Local students get environmental instruction from AmeriCorps volunteers

  • Recorder Staff/Paul Franz—Paul Franz...

  • Aletha Spang and Christian McGrath, AmeriCorps Volunteers, teach students in Jen Comiskey's thrid grade class at the Bernardston Elementary School about extreme weather and natural disasters. January 10, 2018. Recorder Staff/Paul Franz—Paul Franz...

  • Christian McGrath and Aletha Spang, AmeriCorps Volunteers, teach students in Jen Comiskey's thrid grade class at the Bernardston Elementary School about extreme weather and natural disasters. January 10, 2018. Recorder Staff/Paul Franz—Paul Franz...

  • Christian McGrath and Aletha Spang, AmeriCorps Volunteers, teach students in Jen Comiskey's thrid grade class at the Bernardston Elementary School about extreme weather and natural disasters. January 10, 2018. Recorder Staff/Paul Franz—Paul Franz...

Recorder Staff
Published: 1/16/2018 6:52:18 PM

BERNARDSTON — When Christian McGrath and Aletha Spang walked to the front of Jennifer Comiskey’s third-grade class one recent Wednesday morning, McGrath enthusiastically asked the students, “How much did you miss us?”

The room echoed with exclamations. “A lot!” shouted one. “Bunches!” yelled another.

McGrath, 25, and Spang, 21, are weekly visitors to the Bernardston Elementary School classrooms. As volunteers with AmeriCorps, the two teach students about various facets of the environment, including weather, topography, mapping, engineering and how animals adapt to survive winter months. After school, they also run an outdoors club.

For example, children in Comiskey’s class were asked to divide phenomenon like hurricanes, pollution and blizzards into three categories: extreme weather, natural disasters and man-made disasters. In the process, the volunteers even learned a thing or two, with Spang recounting how she’d never heard of a polar vortex — a pocket of cold air circulating above both of Earth’s poles — before formulating her lesson plan. (In case you were wondering, a polar vortex qualifies as extreme weather.)

After the children selected a category for each phenomenon, McGrath and Spang advised them of seeking shelter from and preparing for extreme weather, like the recent snowstorms.

“It’s important in a severe weather event to prepare for it and think about what you can do,” Spang said, with the children recounting how their parents bought firewood, heating fuel, food and snow tires before the storm.

McGrath and Spang are two of 18 AmeriCorps volunteers who reside in a bunkhouse at the Kenneth Dubuque Memorial State Forest in Hawley as part of an arrangement between AmeriCorps, the state Department of Conservation and Recreation, the Massachusetts Service Alliance and the Student Conservation Association. AmeriCorps is a volunteer public service program supported by the federal government, foundations, corporations and other donors.

Locally, the group volunteers in pairs at roughly a dozen schools, Spang said, including Bernardston Elementary, Pearl Rhodes Elementary School, Northfield Elementary School, Rowe Elementary School and Colrain Central School.

Bernardston Elementary Principal Bob Clancy, a former principal at Rowe Elementary, remembered how Rowe Elementary was one of the first schools to integrate AmeriCorps volunteers, and brought the idea to Bernardston Elementary four years ago.

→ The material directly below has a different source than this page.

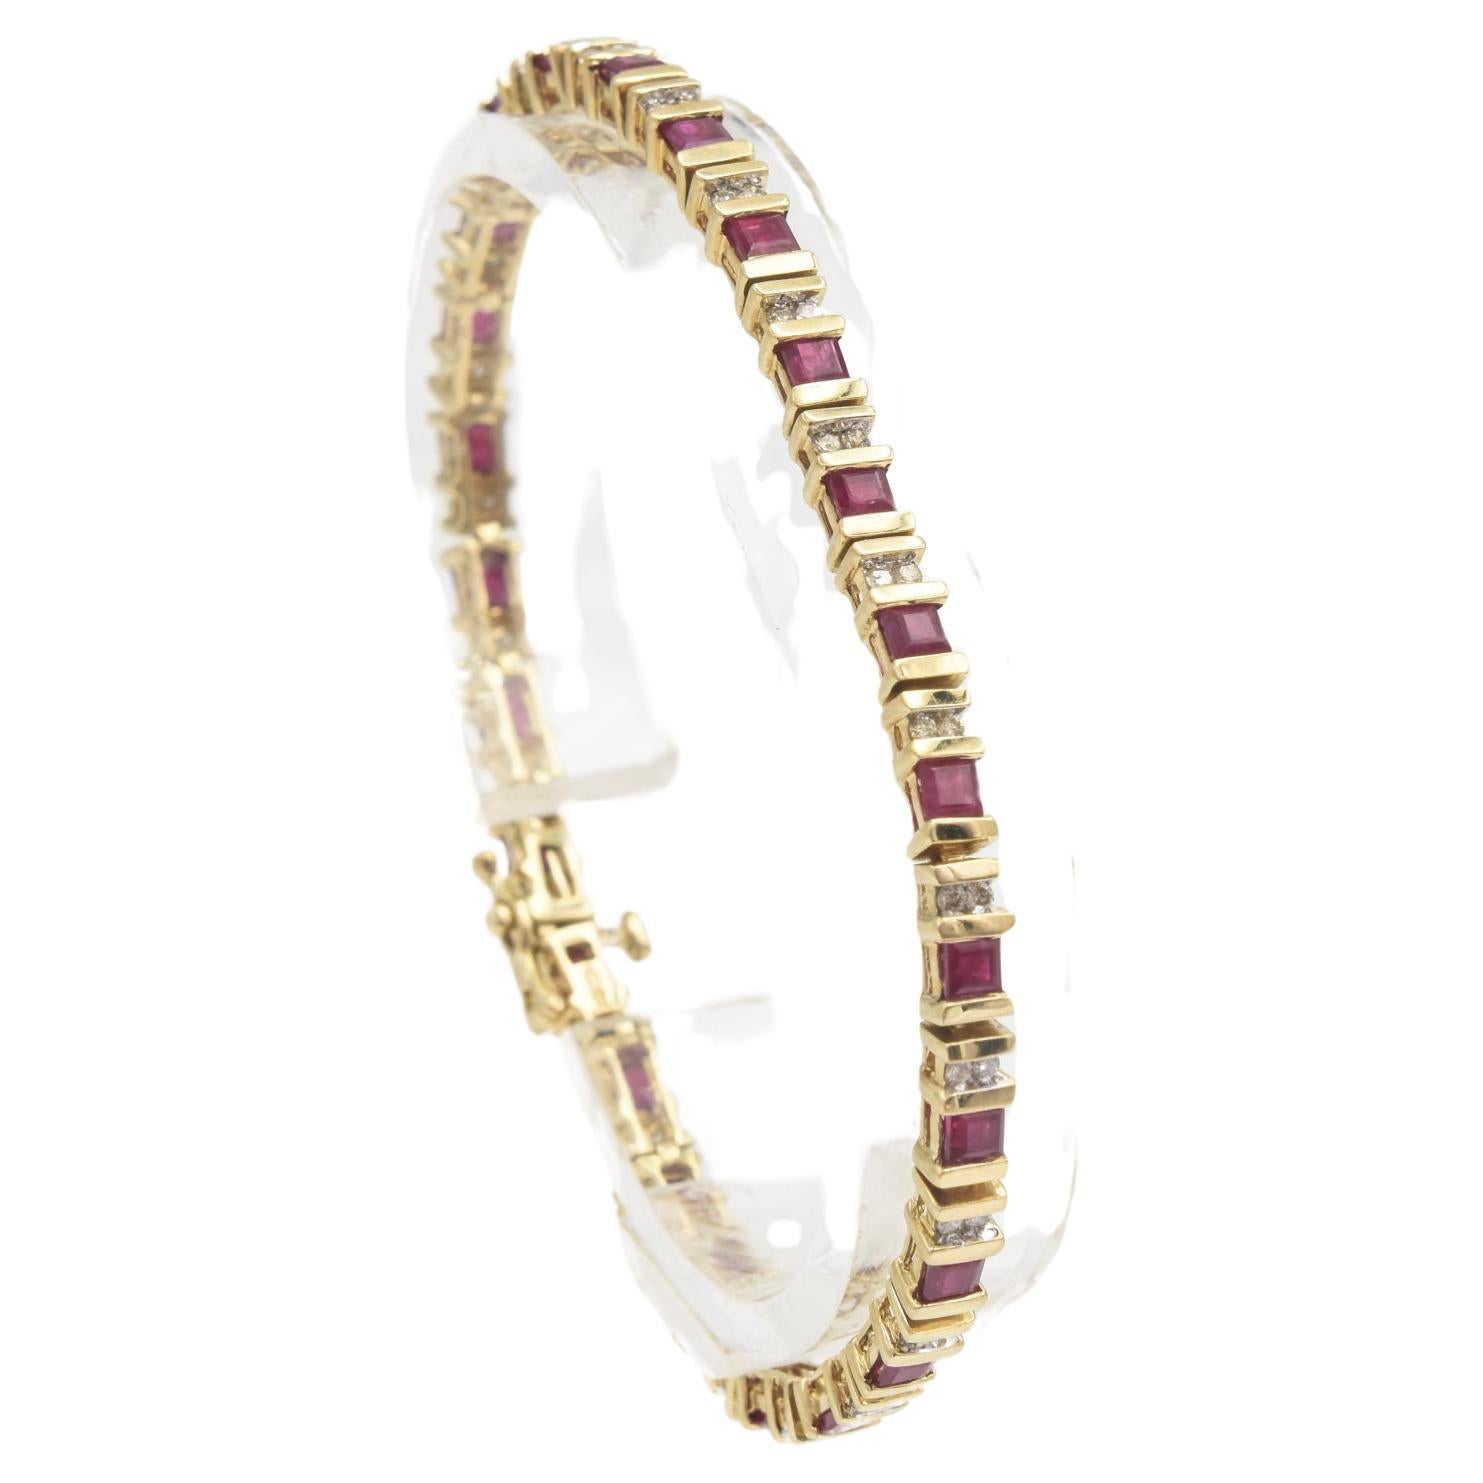 Ruby and diamond tennis bracelet featuring princess cut rubies set between 2 gold bars with a pair of diamonds between each link mounted in 14k yellow gold with push button clasp and figure eight clasp.
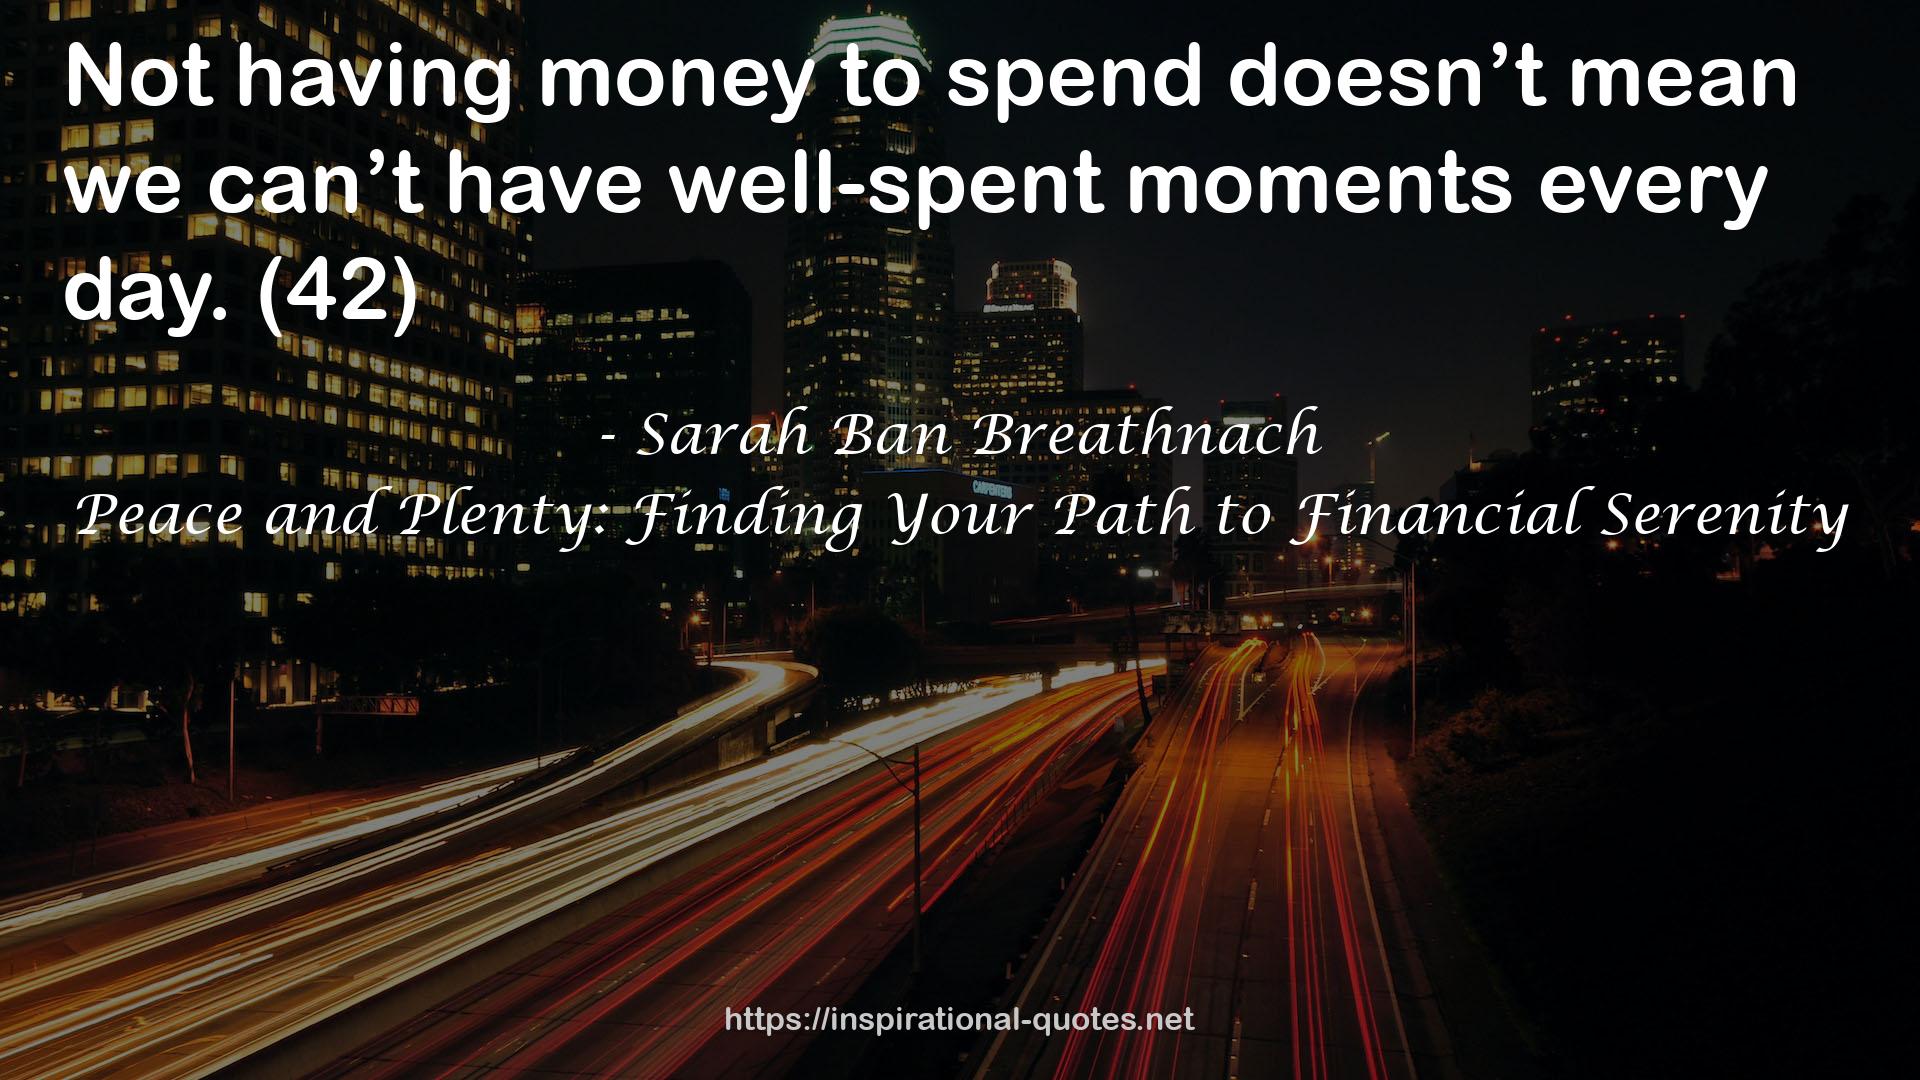 Peace and Plenty: Finding Your Path to Financial Serenity QUOTES

“I’m kicking myself for not having gotten them earlier,” said Clancy, who has been Bernardston’s principal for seven years. “These folks are just awesome role models for kids. … The teachers always come back saying they’ve learned something new.”

Both McGrath and Spang got into the program because of a mutual interest in environmental education, with McGrath studying education at the State University of New York at Fredonia.

“It just happened to coincide with a pretty awesome program,” McGrath said.

“Environmental education is really important no matter what you do,” Spang added. “If you can explain it to children, you can explain it to anyone.”

The children think having McGrath and Spang at their school is pretty awesome, too.

“We get to do fun projects,” said 11-year-old Nick Shattuck.

“They teach us the life of recycling and decomposition, and outside nature,” added Shattuck’s classmate, 11-year-old Ethan Boliski.

The two especially enjoy annual trips to the Hawley State Forest, where they not only get to see where the volunteers live, but use compasses and learn how to identify different tree species.

The children teach McGrath and Spang a little something, too.

“The way they look at things is very inspiring,” Spang said. “They’re very creative with their thinking. Sometimes they say things I haven’t thought about, that actually could be an answer to the question.”